FIG. 4 illustrates side profile 400 of passenger seat 111 of a vehicle that can be configured into a lounge mode. Side profile 400 shows passenger seat 111 in driving mode like in rear seating 100. From side profile 400 rear support 201 can be seen positioned against the underside of seat cushion 101 in the stowed position. Side profile 400 further shows latch anchor 401 statically affixed to and protruding from vehicle floor 105. Latch 301 latches onto latch anchor 401 to prevent seat cushion 101 from rotating from the driving position. Latch anchor 401 further acts as a rear support for seat cushion 101 when seat cushion 101 is in the driving position with rear support 201 stowed. In other examples, one or more rear supports separate from latch anchor 401 and statically affixed to vehicle floor 105 may support the rearward portion of seat cushion 101 when in the driving position.

FIG. 5 illustrates side profile 500 of passenger seat 111 of a vehicle that can be configured into a lounge mode. Side profile 500 is an example of side profile 400 with backrest 103 reclined in preparation for seat cushion 101 to be changed from the driving position to the lounge position. Depending on the shapes of backrest 103 and seat cushion 101 and the positioning of seat cushion 101 and backrest 103 relative to each other, backrest 103 may not need to be reclined prior to changing the position of seat cushion 101. Rather, enough space may exist for seat cushion 101 to rotate even if backrest 103 is upright. Pivot 131 and pivot 132 being located on the floor end of forward support 121 and forward support 122 enable movement of seat cushion 101 forward from backrest 103 in addition to upwards during the rotation.

Side profile 500 also highlights an advantage of seat cushion 101's ability to be moved into a lounge position. In the driving position shown, there is an offset between the surface of seat cushion 101 and backrest 103. That offset may be uncomfortable for a passenger wanting to lie down, or lounge, in passenger seat 111. Moving seat cushion 101 into the lounge position, as detailed below, removes or substantially negates the offset.

FIG. 6 illustrates side profile 600 of passenger seat 111 of a vehicle that can be configured into a lounge mode. Side profile 600 is an example of side profile 500 with seat cushion 101 rotated out of the driving position. Prior a user rotating seat cushion 101, the user released latch 301 via a latch release connected to latch 301 (e.g., a strap with one end connected to latch 301 and another end extending through a gap between seat cushion 101 and backrest 103).
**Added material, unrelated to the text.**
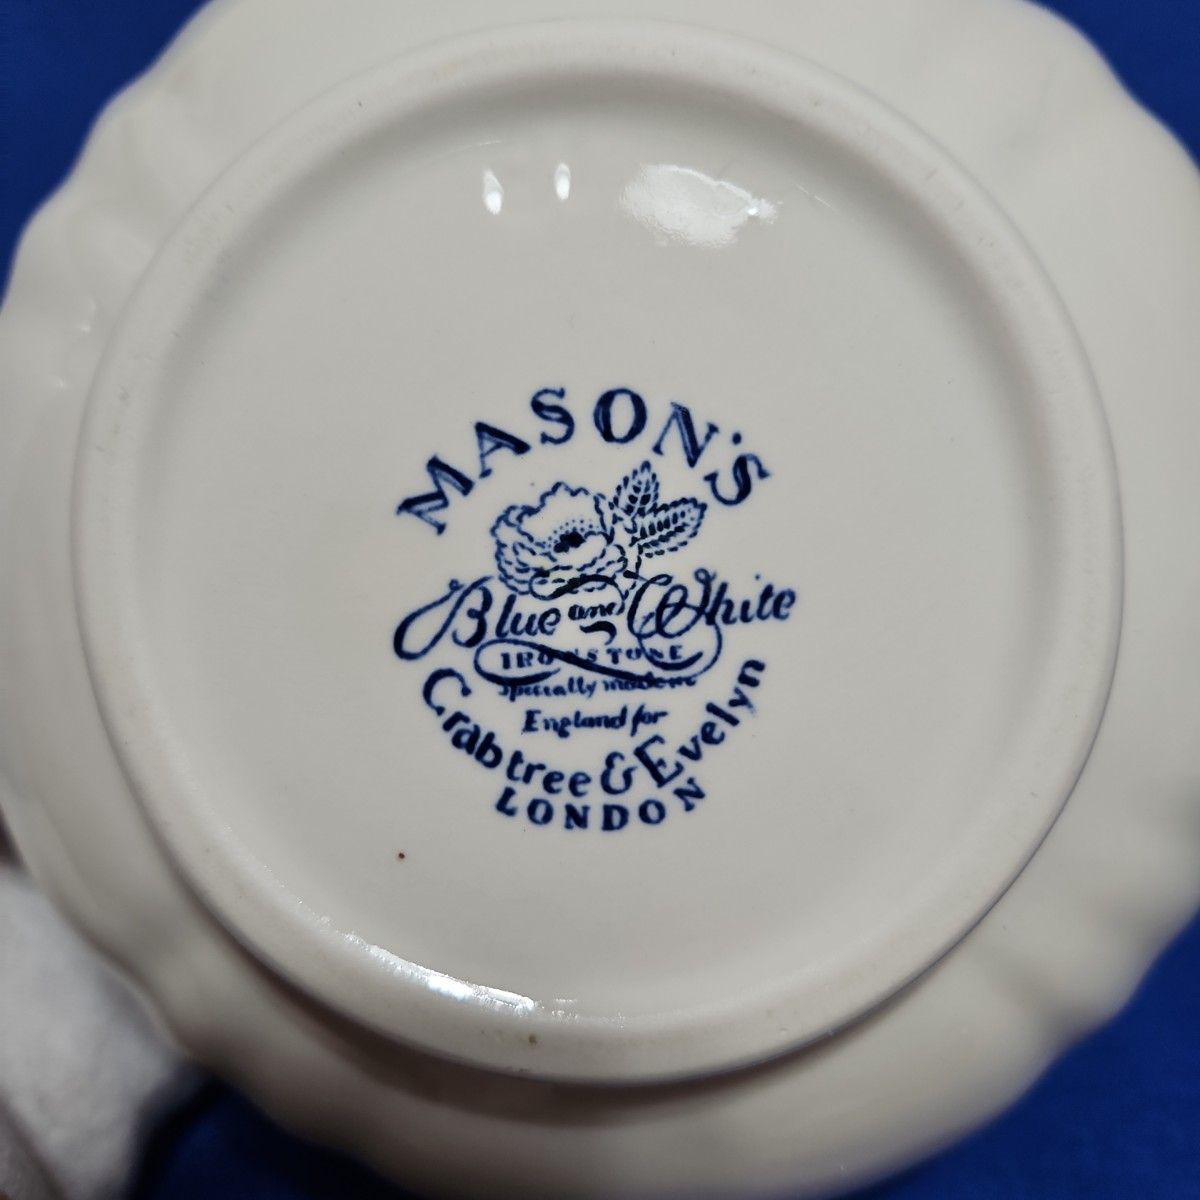 メイソンズ クラブツリー&イブリン ラージサイズ ティーポット Mason's

FIG. 7 illustrates side profile 700 of passenger seat 111 of a vehicle that can be configured into a lounge mode. Side profile 700 is an example of side profile 600 with rear support 201 rotated out from the stowed position to the deployed position. In this example, rear support 201 is rotated until stopper 302 and stopper 303 contact the underside of seat cushion 101. A holding mechanism, such as indents or a latch, may hold rear support 201 in the deployed position. In this example, rear support 201 is held in the deployed position by weight from seat cushion 101 and rear support 201's angle relative to vehicle floor 105. In some examples, vehicle floor 105 may include a groove into which rear support 201 fits when seat cushion 101 is rotated back down into the lounge position. Seat cushion 101 is rotated above a point necessary for rear support 201 to be deployed. Seat cushion 101 need only be rotated far enough to provide rear support 201 with clearance to rotate without contacting support catch 202. Although, in some examples, the space under seat cushion 101 may be available for storage. In those examples, rear support 201 would need to clear the storage.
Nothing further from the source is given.